We do not say that any one can "hold a fire in his hand " by thinking on a fine sunset; or that sheer imagination of any sort can make it a very agreeable thing to feel as if one's body were wrapped round with cold wet paper; much less to flounder through gutters, or run against posts. But the mind can often help itself with agreeable images against disagreeable ones; or pitch itself round to the best sides and aspects of them. The solid and fiery ball of the sun, stuck, as it were, in the thick, foggy atmosphere; the moon just winning her way through it into beams; nay, the very candles and gas-lights in the shop windows of a misty evening,—all have, in our eyes, their agreeable varieties of contrast to the surrounding haze. We have even halted, of a dreary autumnal evening, at that open part of the Strand by St Clement's, and seen the church, which is a poor structure of itself, take an aspect of ghastly

grandeur from the dark atmosphere; looking like a tall white mass mounting up interminably into the night overhead.
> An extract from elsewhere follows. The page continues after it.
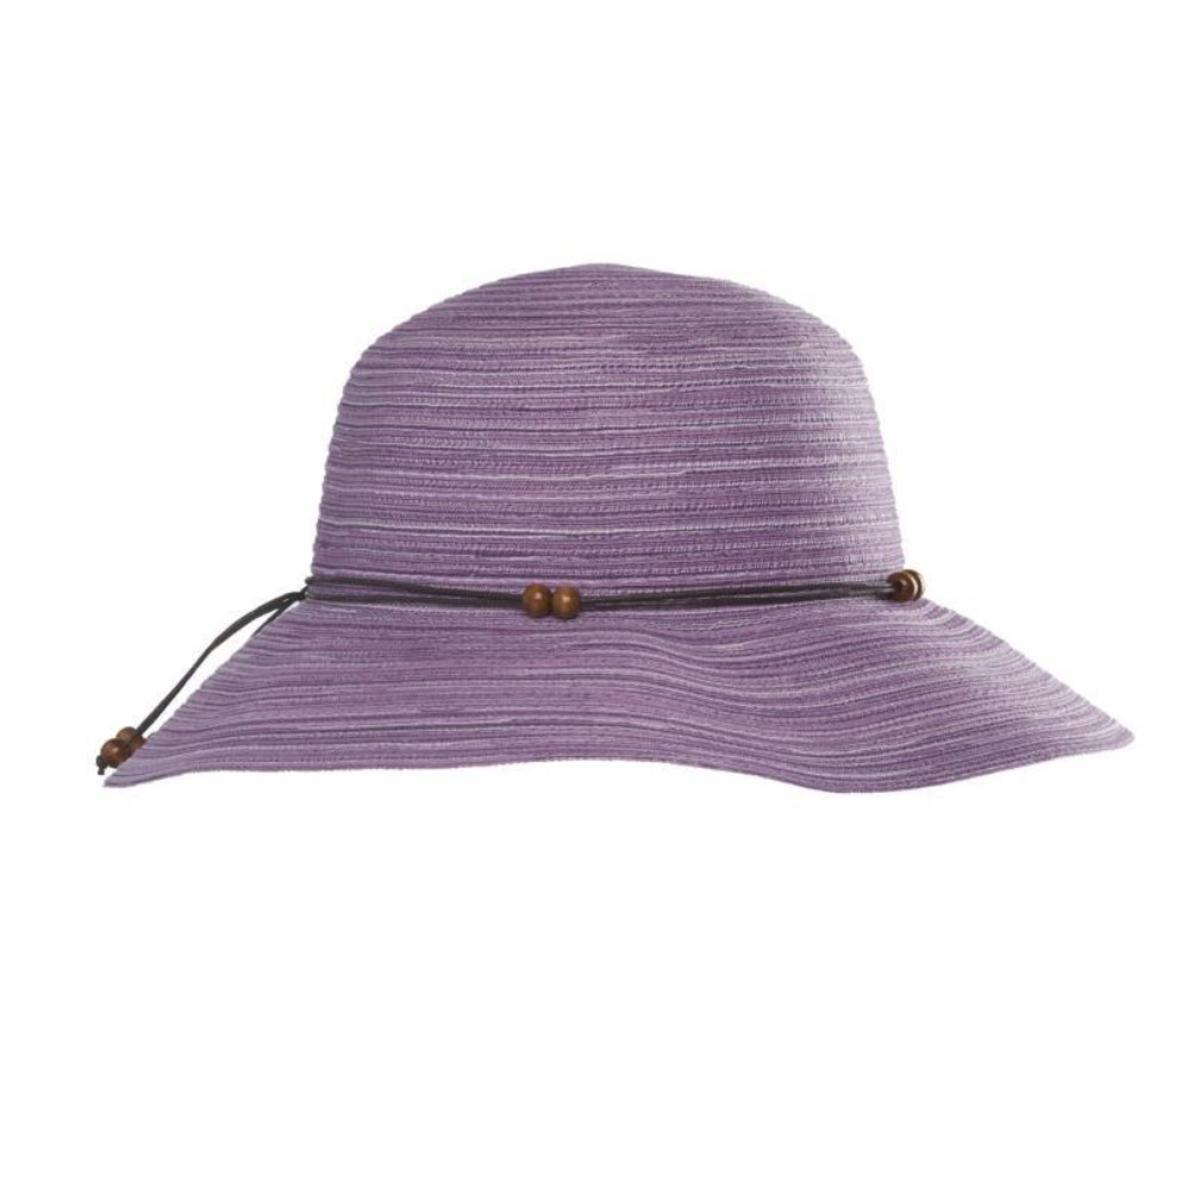 Amazon.com   CTR 1357106S M Summit Ladies Breeze Crushable Straw Hat ... f11c6f6707d6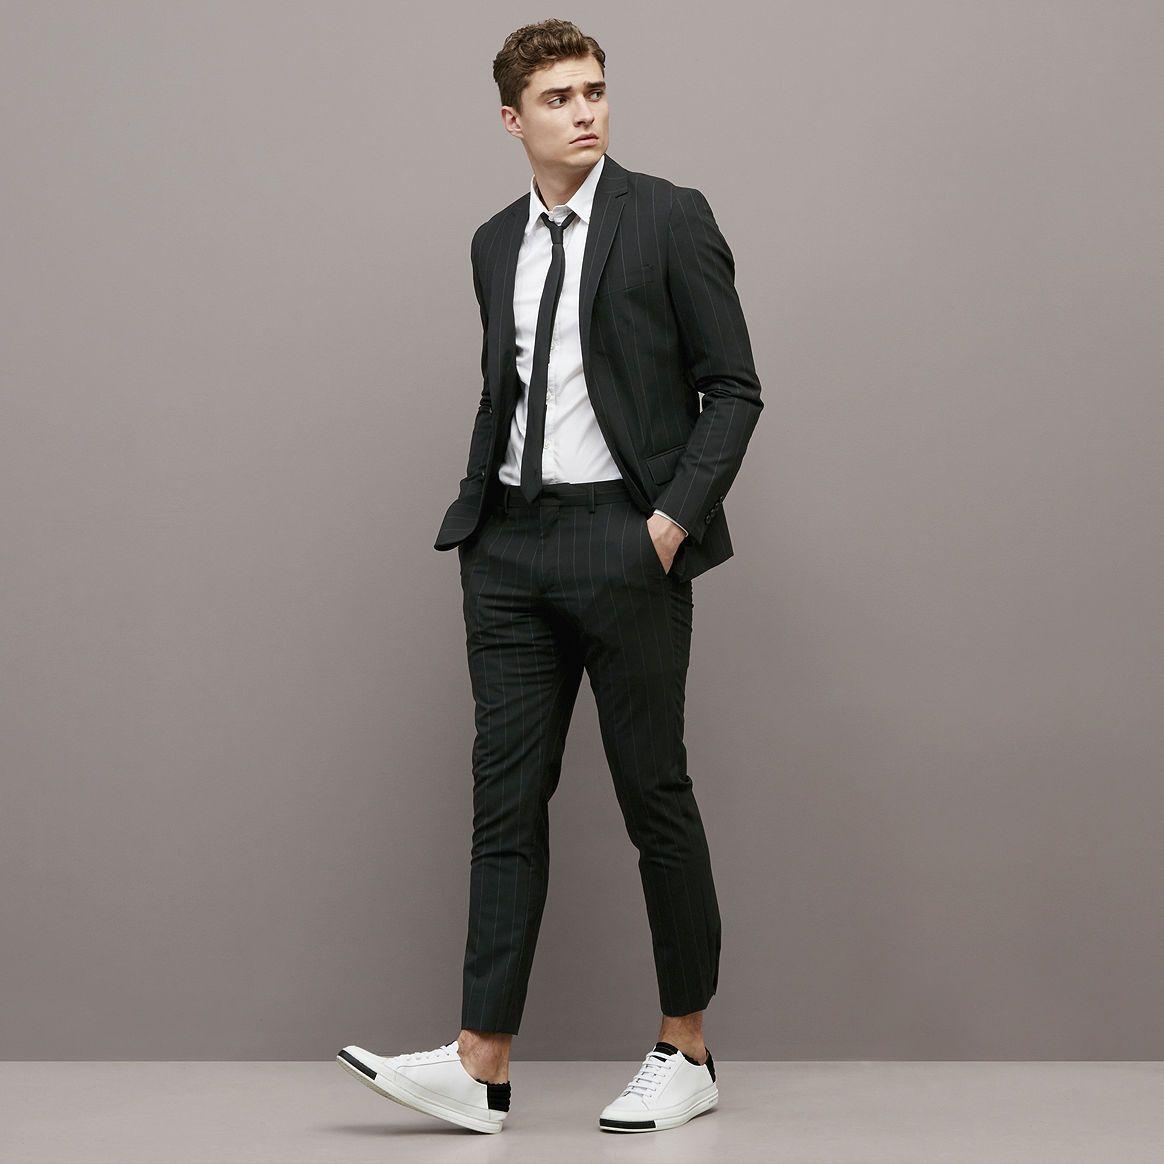 Slim Fit Suits Vs Classic Fit Suits Skinny Guys Slim

The poets, who are the common friends that keep up the intercourse between nature and humanity, have in numberless passages done justice to these our melancholy visitors, and shown us what grand personages they are. To mention only a few of the most striking :-When Thetis, in Homer's "Iliad" (Book I. v. 359), rises out of the sea to console Achilles, she issues forth in a mist; like the gigantic Genius in the "Arabian Nights." The reader is to suppose that the mist, after ascending, comes gliding over the water, and, condensing itself into a human shape, lands the white-footed goddess on the shore.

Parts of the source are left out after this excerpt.